> Supplied information:
• • • •

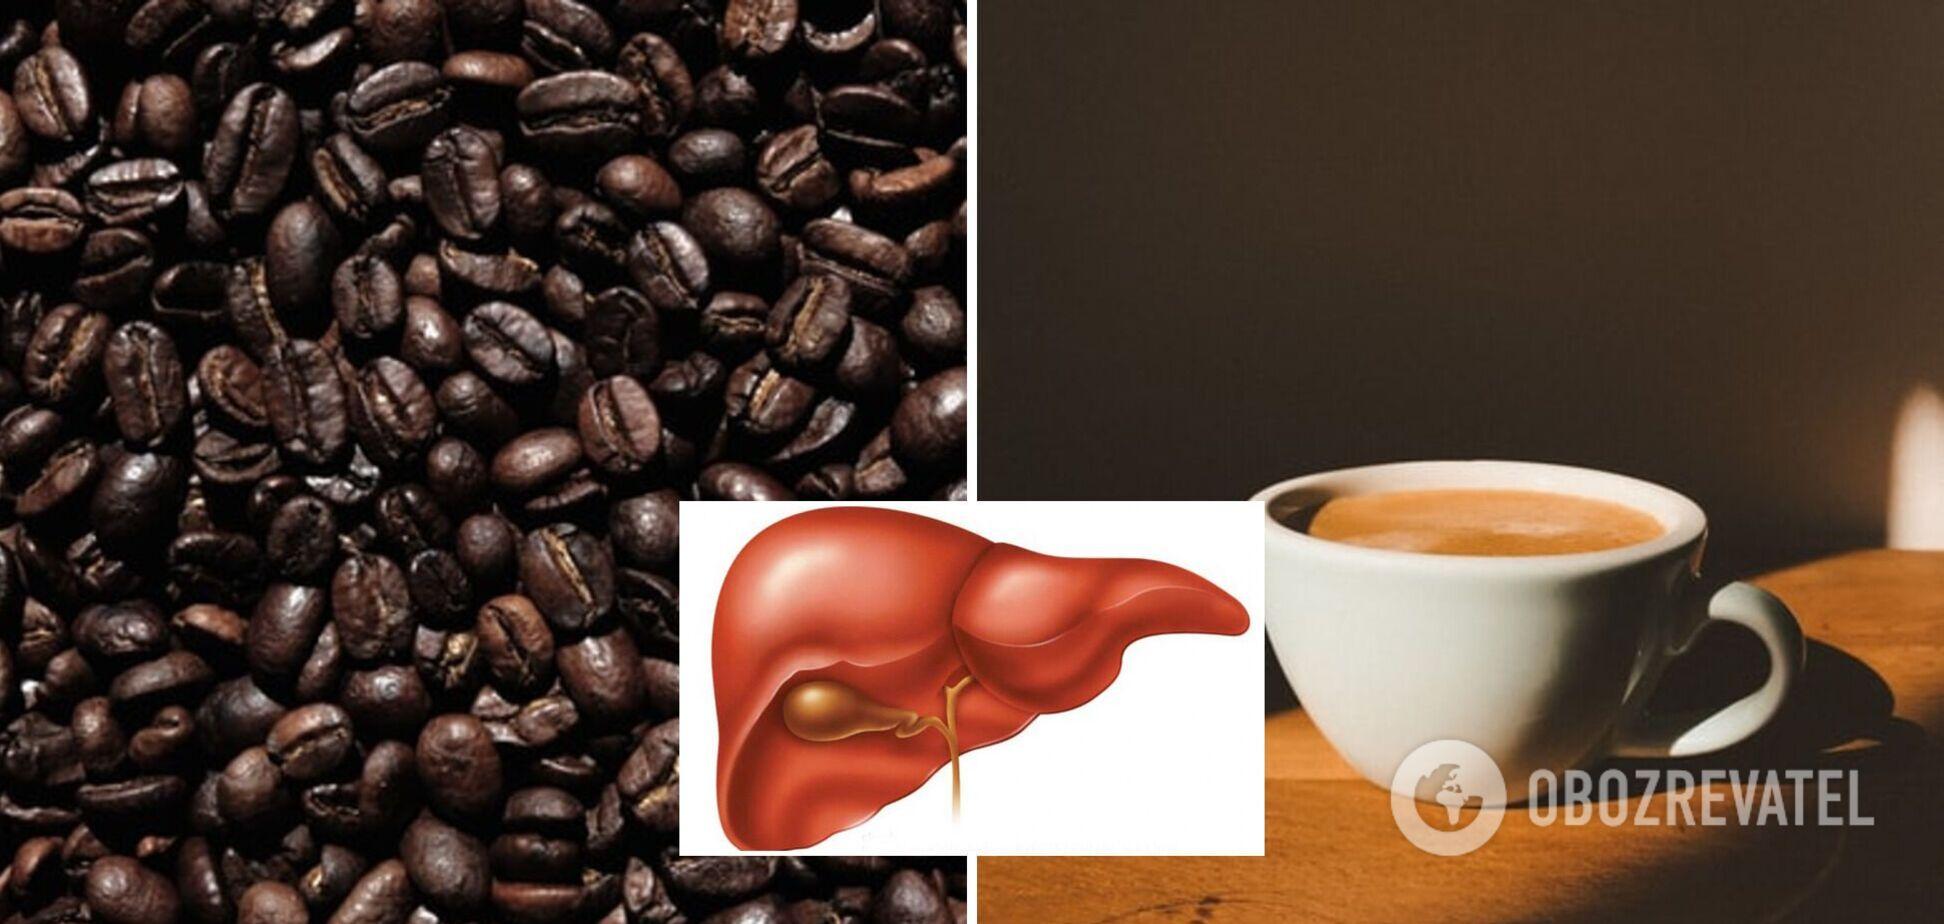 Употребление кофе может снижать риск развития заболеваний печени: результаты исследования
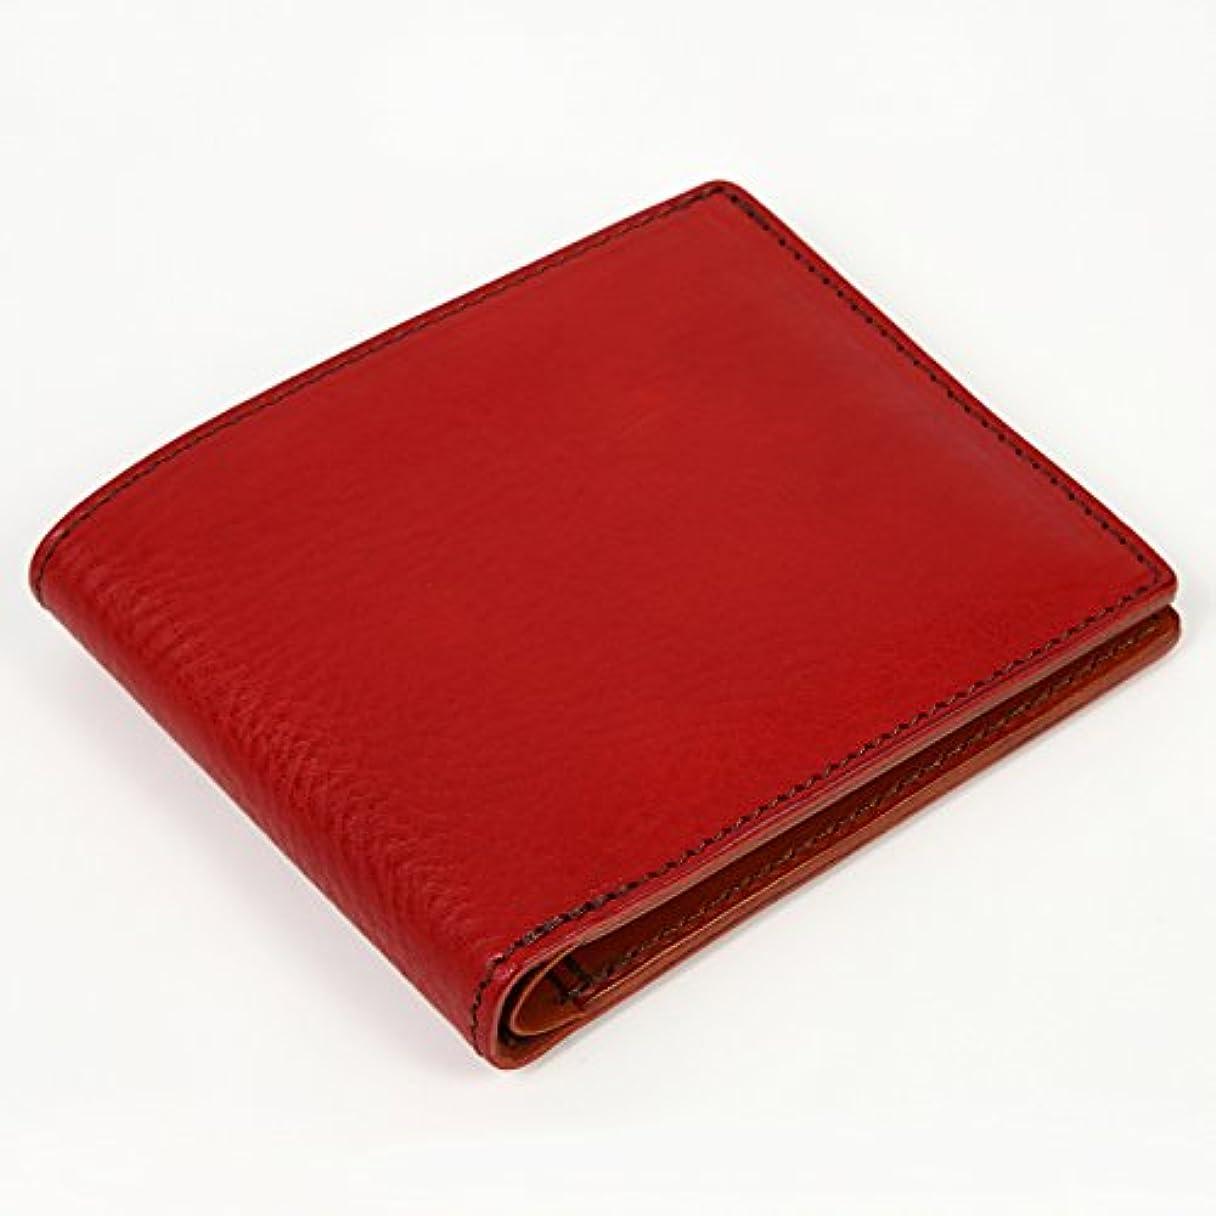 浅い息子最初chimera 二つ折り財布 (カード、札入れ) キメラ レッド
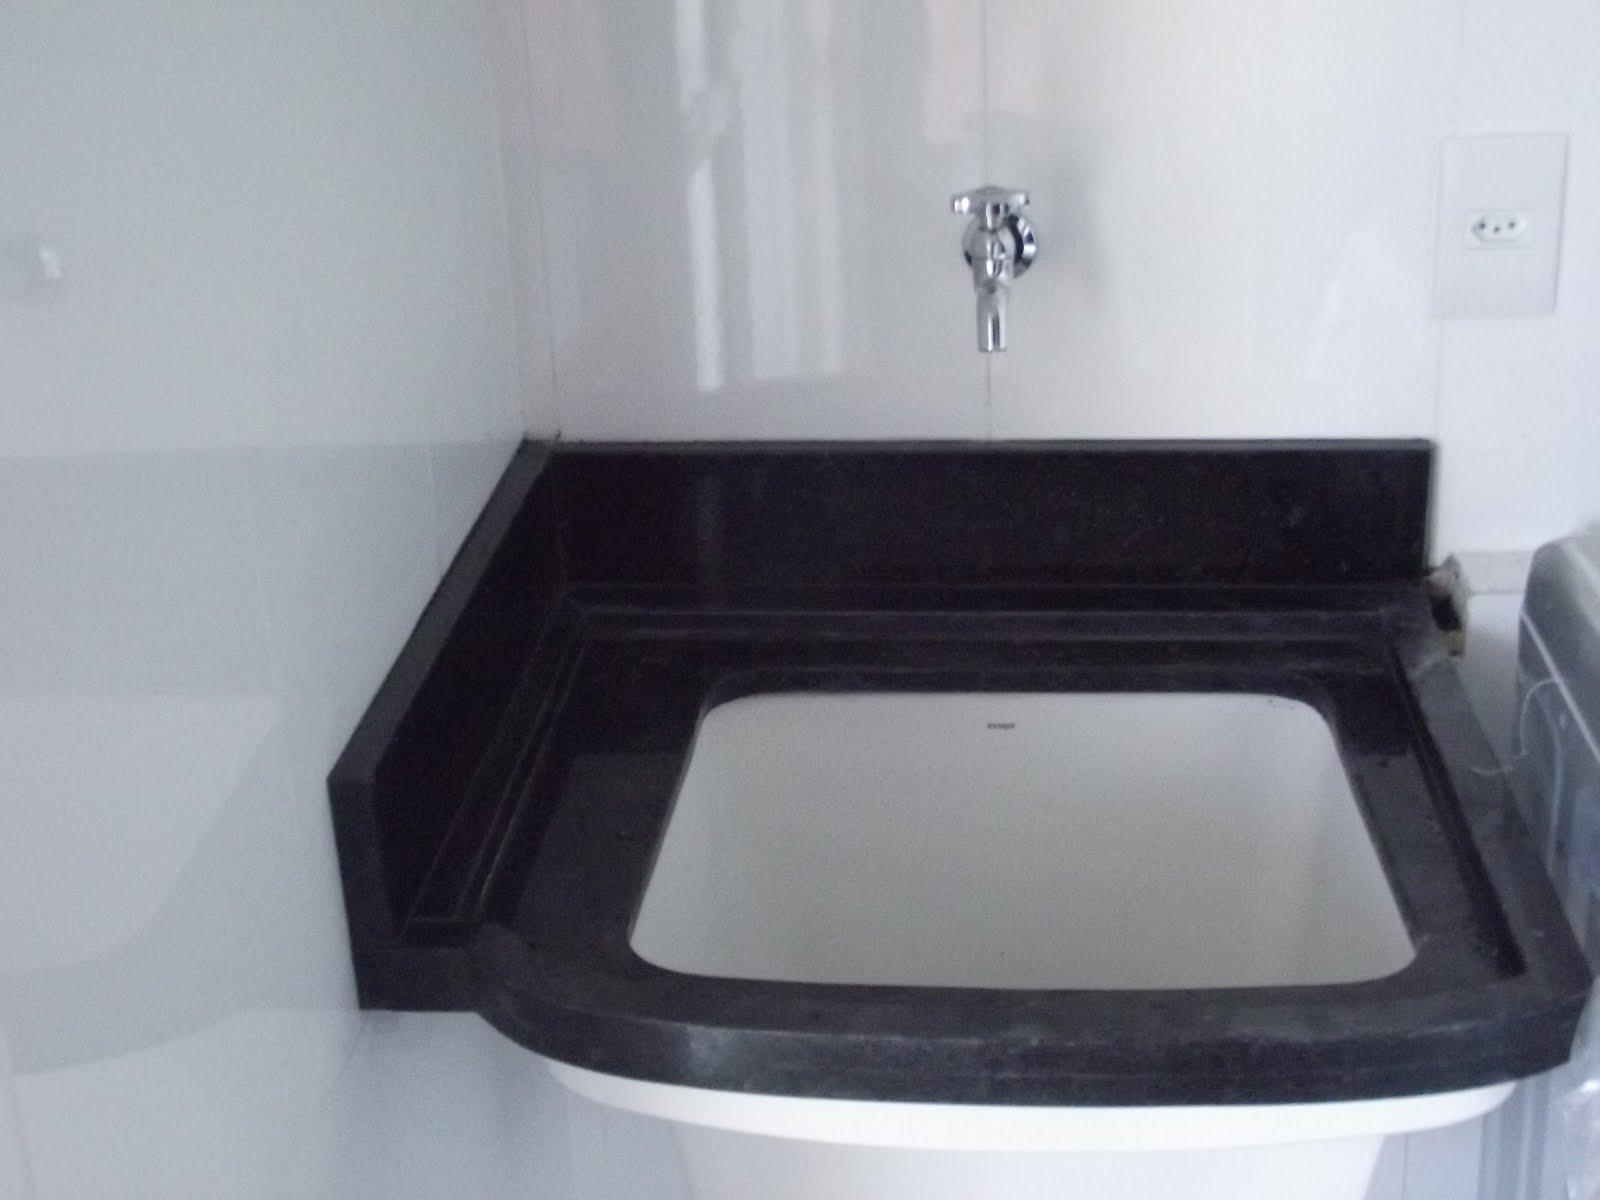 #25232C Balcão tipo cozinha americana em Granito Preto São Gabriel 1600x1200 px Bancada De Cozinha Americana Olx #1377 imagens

• • • •

> Task to complete: Return exactly the lines starting at the line with "浅い息子最初chimera 二つ折り財布 (カード、札入れ) キメラ レッド" and ending at the last line of the listing, both ends included; pictures are to be left out.

> Solution to this problem:
 浅い息子最初chimera 二つ折り財布 (カード、札入れ) キメラ レッド
 #25232C Balcão tipo cozinha americana em Granito Preto São Gabriel 1600x1200 px Bancada De Cozinha Americana Olx #1377 imagens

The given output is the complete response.